The doors to Hangar Three of the HAWC research flight line were opened, and a yellow “mule” tow-tractor slowly chugged out of the massive structure. The mule pulled a hulking dark beast from its lair, an aircraft so large that it seemed to blot out the faint glow of the rising sun on the horizon. It seemed to take forever to move the giant machine from the hangar, but soon there it was, sitting on the concrete ramp like a winged black dragon.
“ ‘Whenever science makes a discovery, the devil grabs it,’ ” Angelina Pereira quoted. McLanahan and Briggs turned toward her. “Alan Valentine,” she added.
“Whoever … but that’s one mean-lookin’ mother,” Briggs said.

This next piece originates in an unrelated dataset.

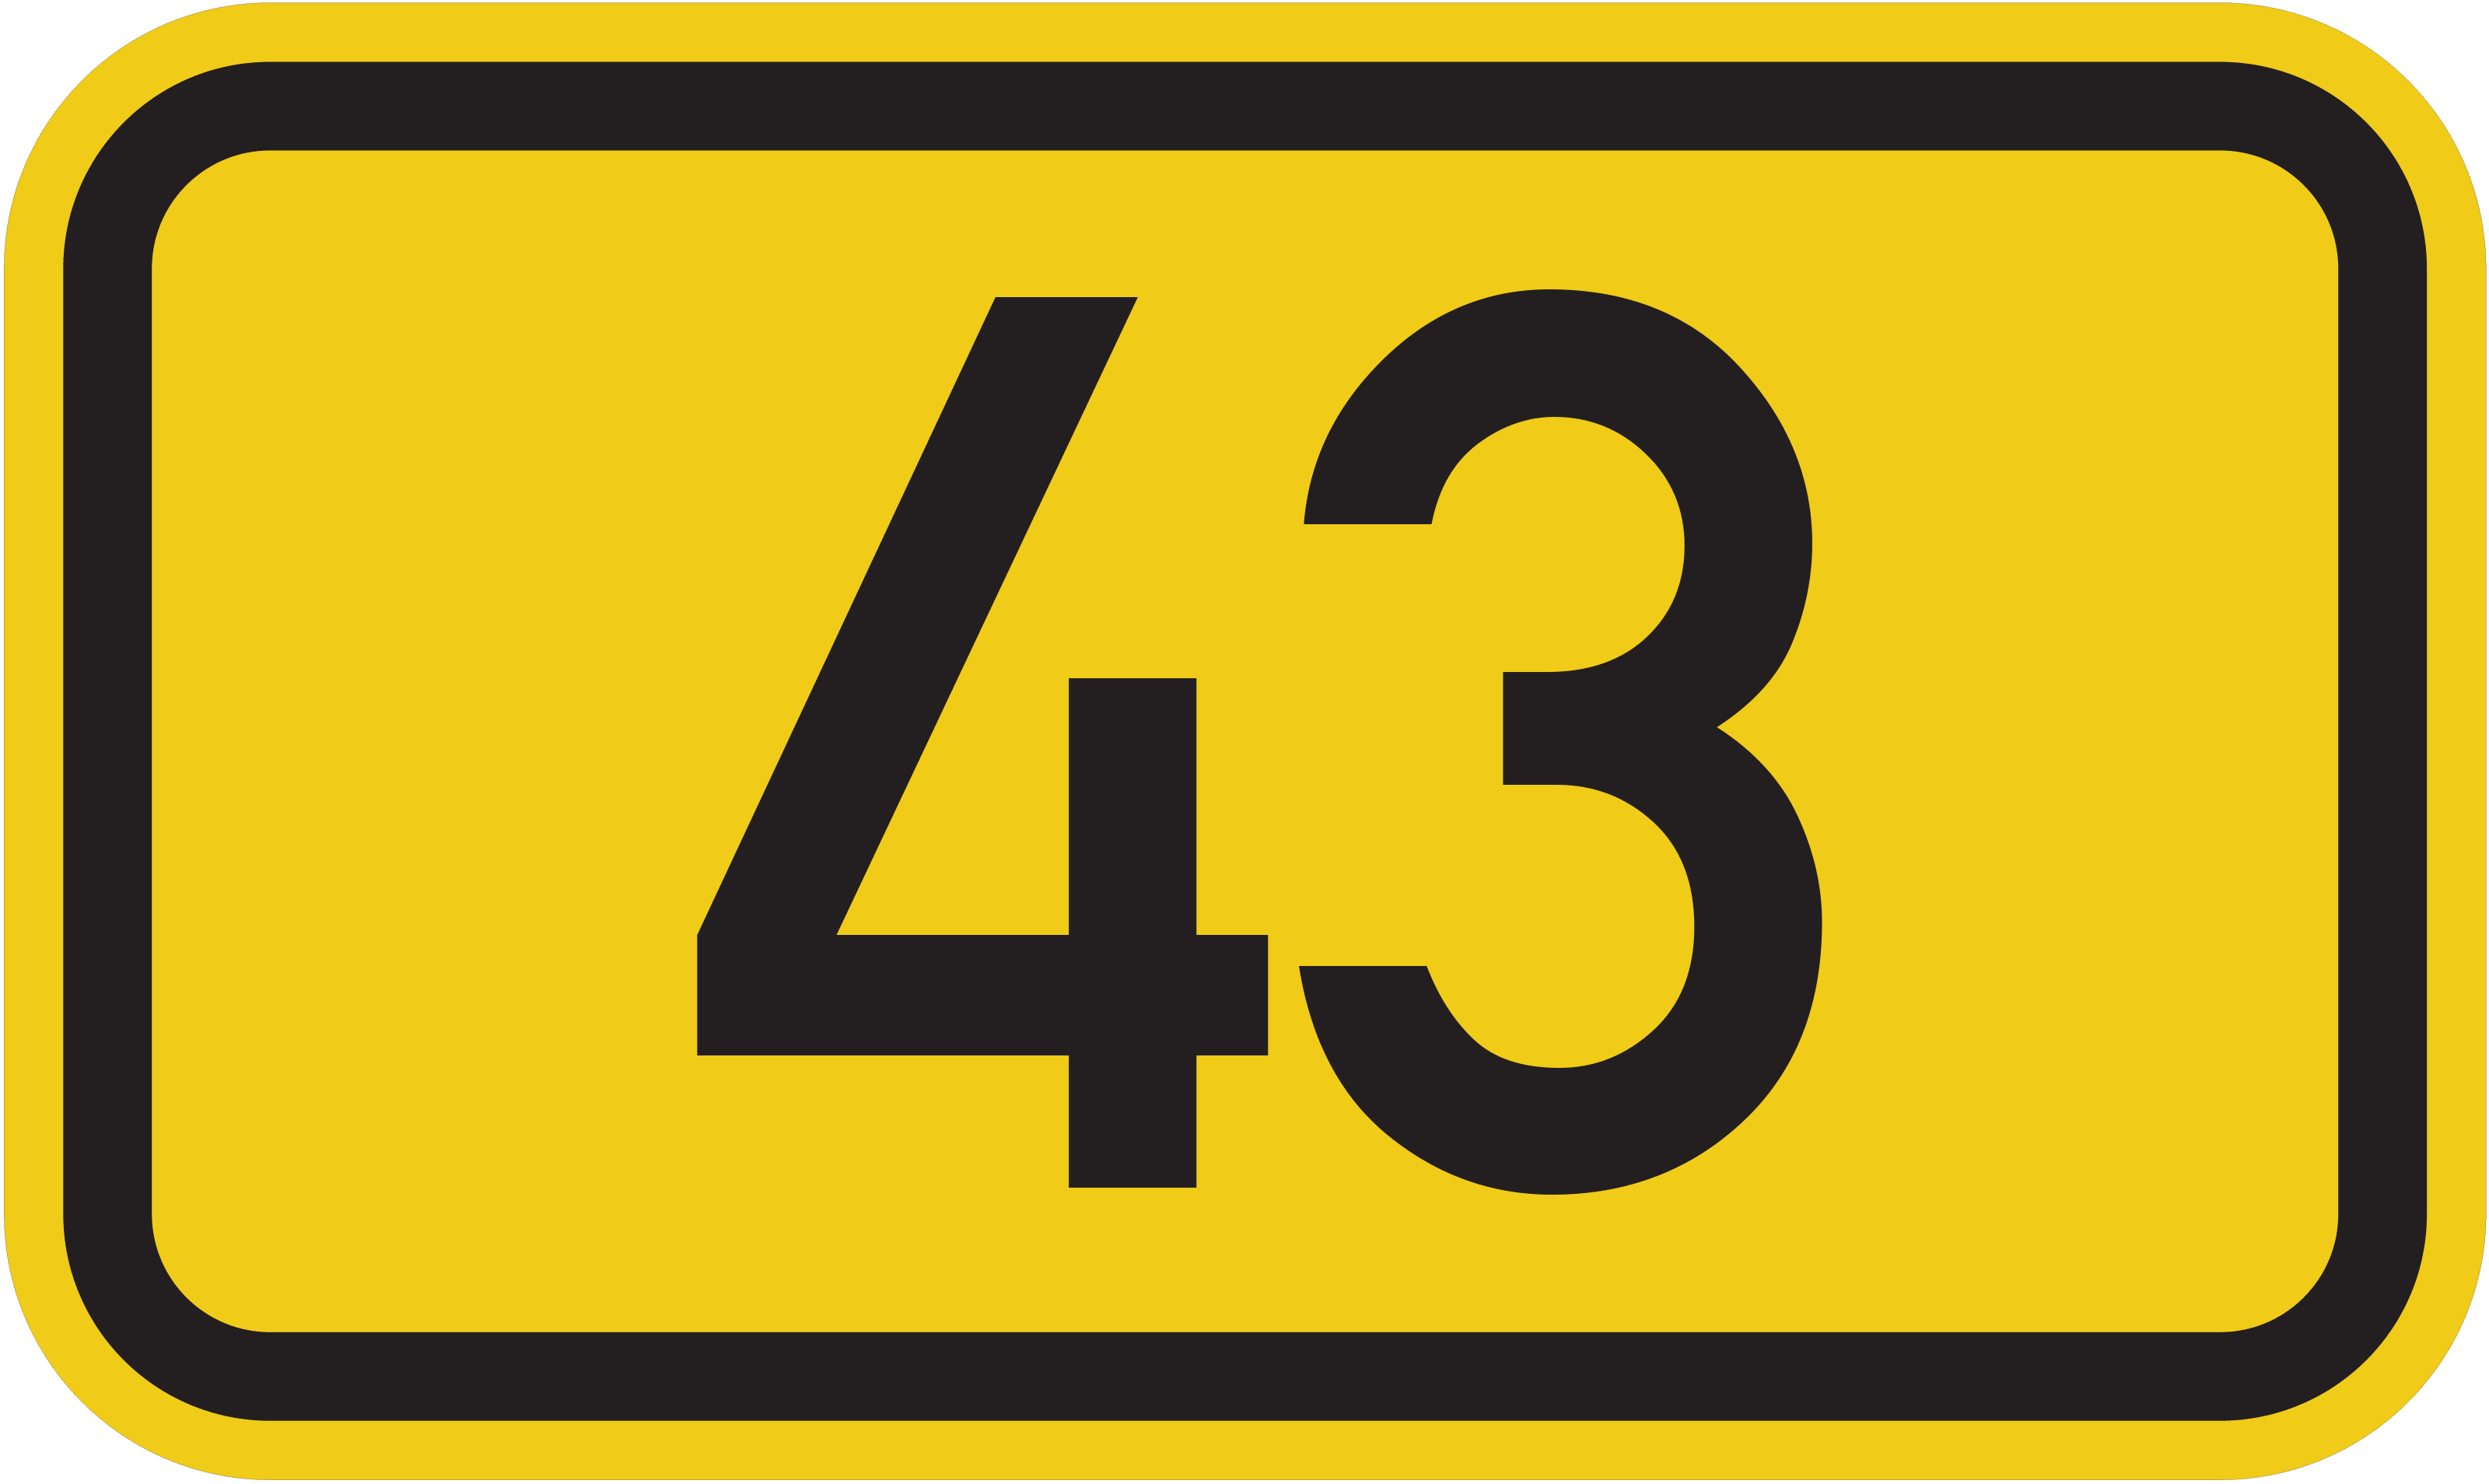 Bundesstraße B 43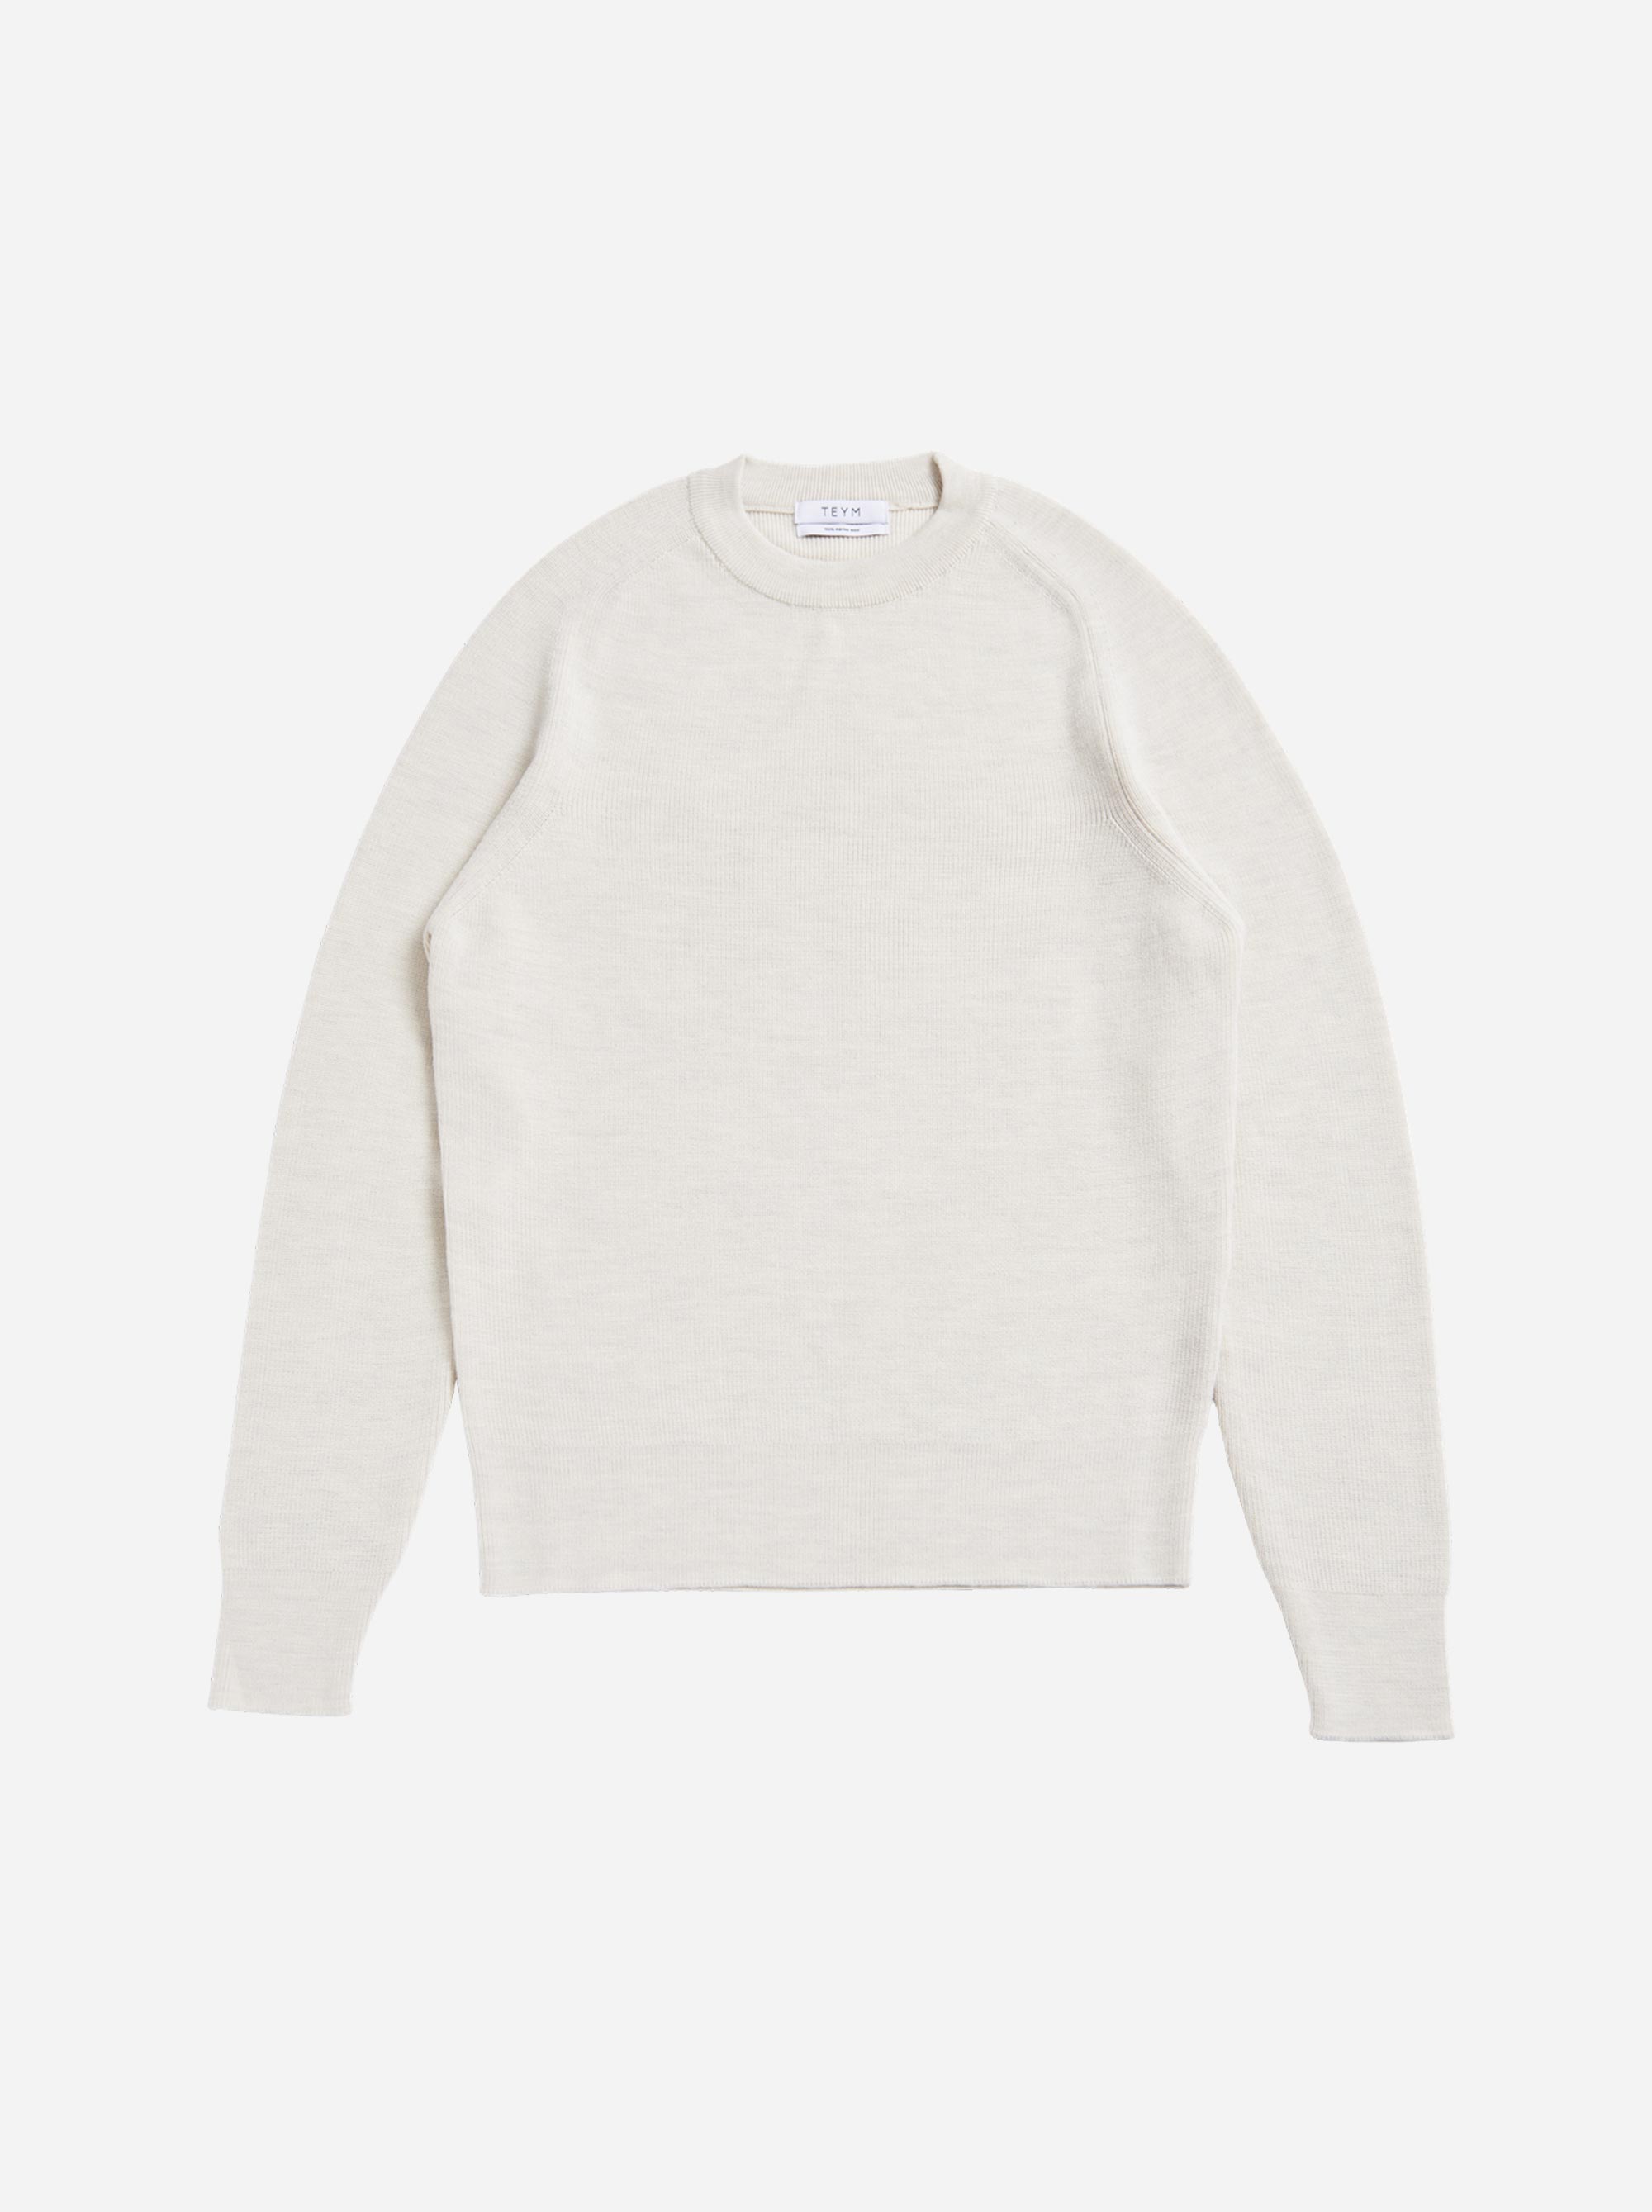 Teym - The Merino Sweater - Men - White - 5

Ormack began his walkaround inspection of the Megafortress Plus, General Elliott and other members of the crew following. Actually Ormack and the engineers had already completed an extensive walkaround hours earlier before the crew briefing, and all items of the before-engine-start checklist had already been performed by ground crewmen and technicians. But no matter who performed the inspection, or when, Ormack could not resist the urge to do one last visual inspection before climbing aboard — as much a ritual as a race car driver’s kicking the tires of his car or a marksman’s rubbing the front sight of his rifle.
Elliott pointed at the Old Dog. “I still can’t believe what I’m seeing,” he said to Ormack, once its copilot. What he was pointing at was the most radical change in the Old Dog’s appearance — her huge wings. Instead of drooping in a huge downward curve from the fuselage to the wingtips, the wings stood straight out, tall and proud instead of arched and aged-looking.
“The newest in composite materials went into her,” Ormack said. “We replaced the main wing spar, the spine, the tailplane spars and other skeletal components with fibersteel beams, the largest and thickest composite structures ever cast. I remember being called out to the hangar in Alaska when they put the wings back on — it looked like a damn optical illusion, those twenty-ton wings sticking straight out like that. They sagged when we filled them up with fifty tons of fuel, though — sagged a grand total of two inches. We used to be able to look into the outboard engines just by standing on tiptoes — now, they’re all so high off the ground we need a ladder to look into them. The takeoff distance has decreased by thirty percent. It used to take forever for the Buff to lift off because those huge drooping wings would ‘take off’ first, leaving the fuselage still rolling on the ground. No more, Brad. When this beast hits takeoff speed, it’s airborne. Period.”
Ormack continued the walkaround inspection, pointing out various new changes in the huge bomber. “Only two AIM-120 Scorpion missiles on this flight, but Carter’s Dog Zero Two can take up to ten on each wing now, instead of only the six we had on our first mission — that’s twenty air-to-air missiles total, the same as on five F-15 fighters. And computer-controlled fuel management helps us avoid the fuel problems we had on our last flight when damage forced us out of the automatic mode. No more wing spoilers that dragged in the slipstream for aircraft control and wasted so much energy. Now we use engine-bleed air-thrusters on the wings for roll control. It allows us much faster turn control, eliminates adverse yaw.”